As a validation cohort 17 samples from patients not in the test series of the Cohort 03 samples as well as 31 independent age-matched QBC controls were assayed, however, the available material was extremely limited and included plasma that had only been spun at low speed as well as much smaller aliquots of plasma, as little as 0.5 ml (Supplementary Fig. 3).
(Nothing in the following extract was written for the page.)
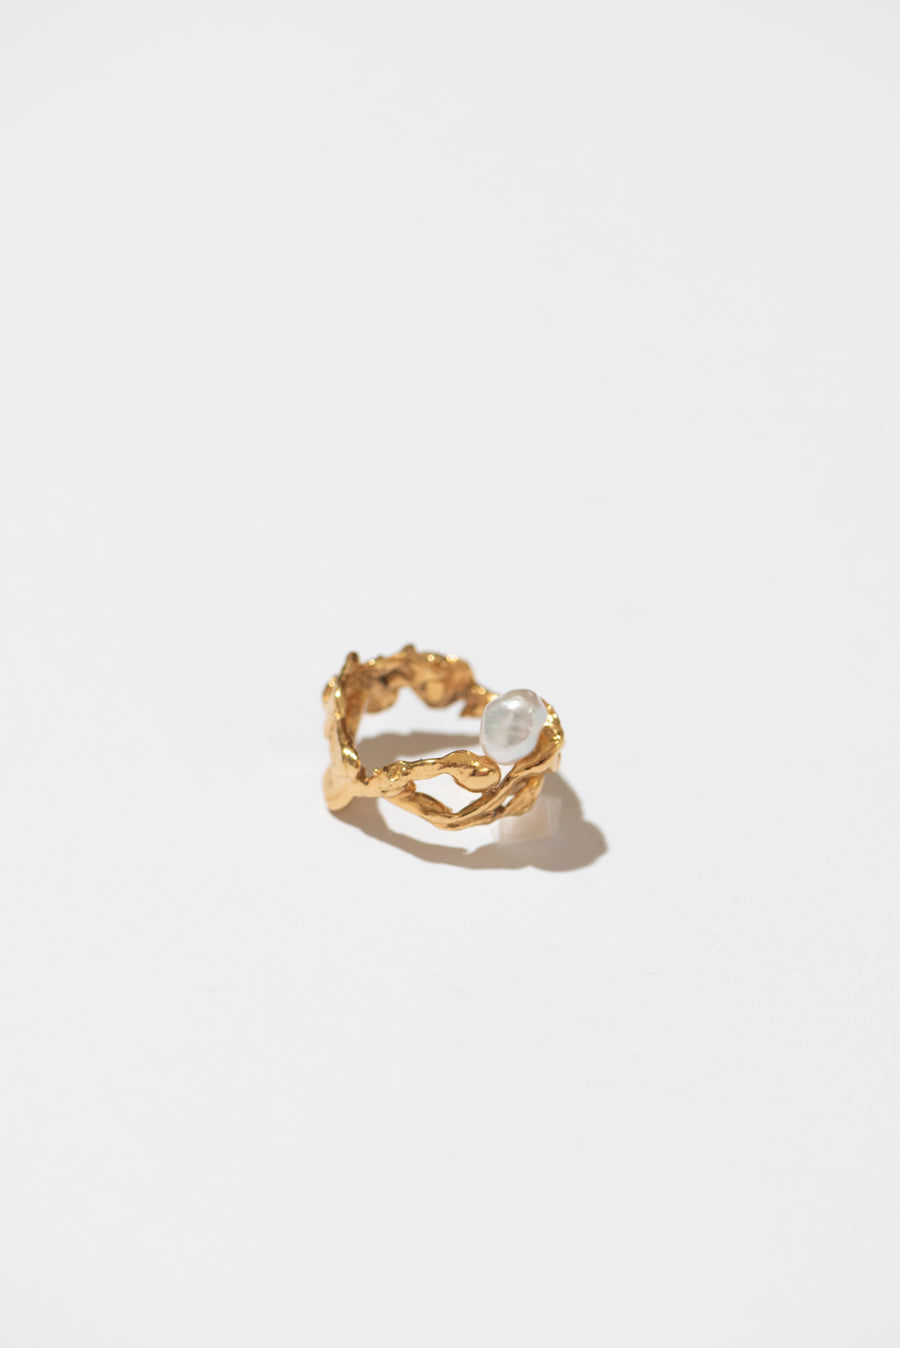 The Statement Pearl Ring - Small

The average sequencing depth for the Cohort 03 samples was 1.7 million reads with 53% of reads passing the BiQ Analyser filter and the QBC samples had an average depth of 1.5 million reads with a 49% yield of high-quality reads. There was an average of 14.5 positive probes for Cohort 03 verses 0.9 positive for the QBC controls (Fig. 7). Despite the limitations of these validation samples the mDETECTTNBC assay produced an AUC of 0.92 with a sensitivity of 76% and a specificity of 100% (Supplementary Fig. 4).

Fig. 7: mDETECT analysis of Validation Cohort 03 samples and new control plasma DNA.
figure 7

The DNA from 17 patients not included in the Test Cohort, as well as 31 new plasma samples from healthy age-matched volunteers (QBC 16-109) were analysed using mDETECT for the 54 optimal probes as described in Fig. 6. A heatmap of the fraction of methylated DNA for each probe is shown as described in Fig. 5.
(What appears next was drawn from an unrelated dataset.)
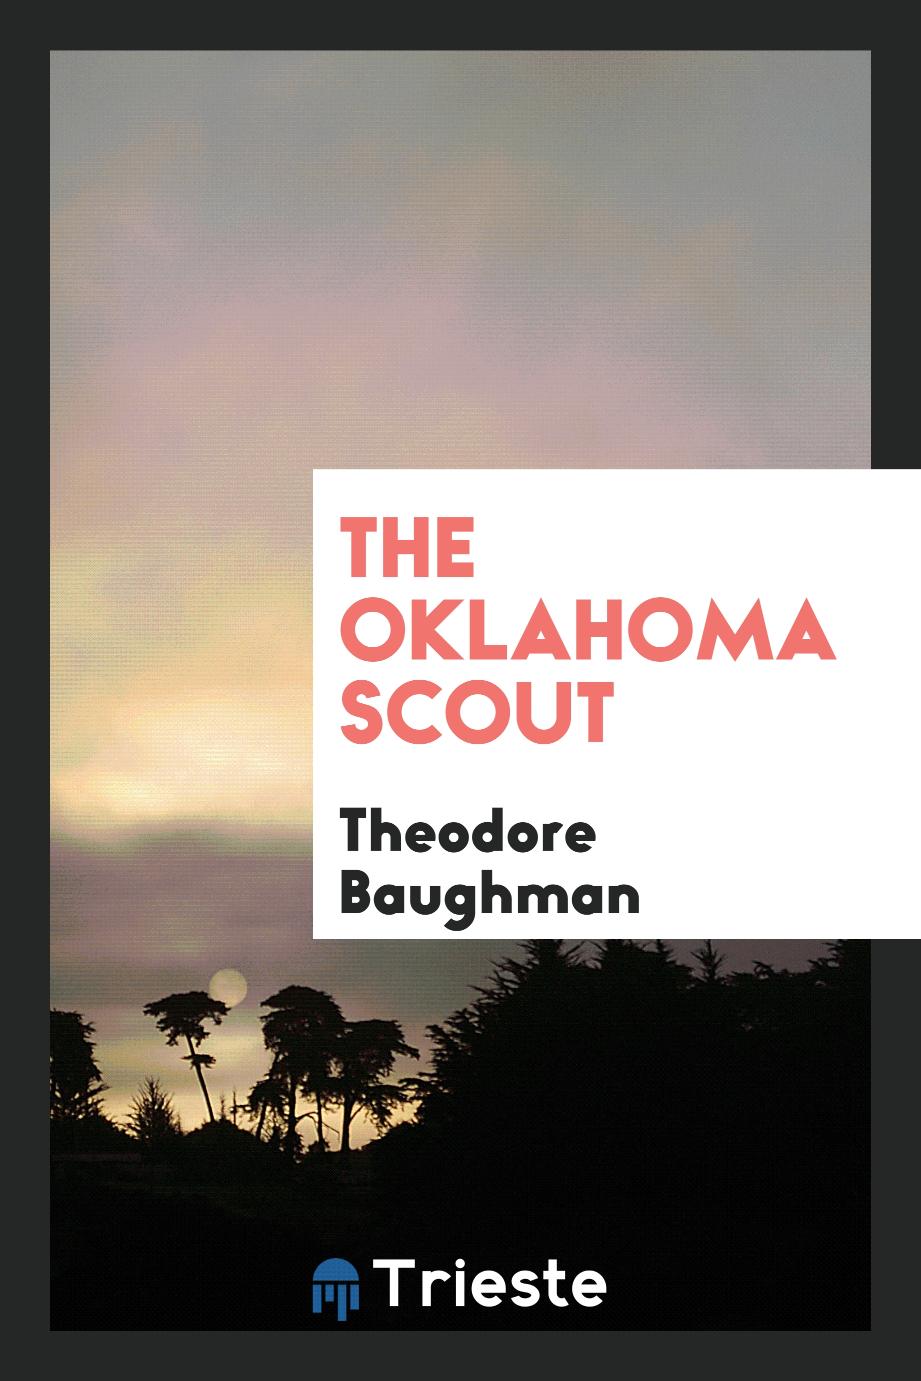 The Oklahoma scout

Cohort 03 had previously been characterised for ctDNA levels using a TP53 next-generation sequencing assay44. Of seven samples that had identifiable TP53 mutations but were still negative based on sequencing, all were positive for mDETECTTNBC (Fig. 8, left axis) and 5 of these likely had some ctDNA present as the level of CTCs in these patients was from 2 to 5580 (per 10 ml). The mDETECTTNBC levels were correlated with ctDNA levels measured by TP53 mutant allele frequency (where observed) with an R2 value of 0.54 (Fig. 8). Replicate samples were in good agreement and on average were within 30% of each other (Supplementary Fig. 3).

Fig. 8: mDETECT versus ctDNA levels determined by TP53 mutation sequencing.
figure 8

A next-generation sequencing TP53 mutation-based test was previously used to quantitate ctDNA levels in the plasma from these patients and is expressed on a log scale as ng of ctDNA per ml of plasma (x-axis). The number of mDETECT probes that were positive for methylation for each sample is plotted (right y- axis). For samples that were negative for the TP53 assay (Diamonds) the mDETECT levels are plotted on the left y-axis as zero cannot be plotted on a log scale. Regression analysis shows that the relationship between mDETECT and TP53-based levels is reasonably well correlated (R2 = 0.54).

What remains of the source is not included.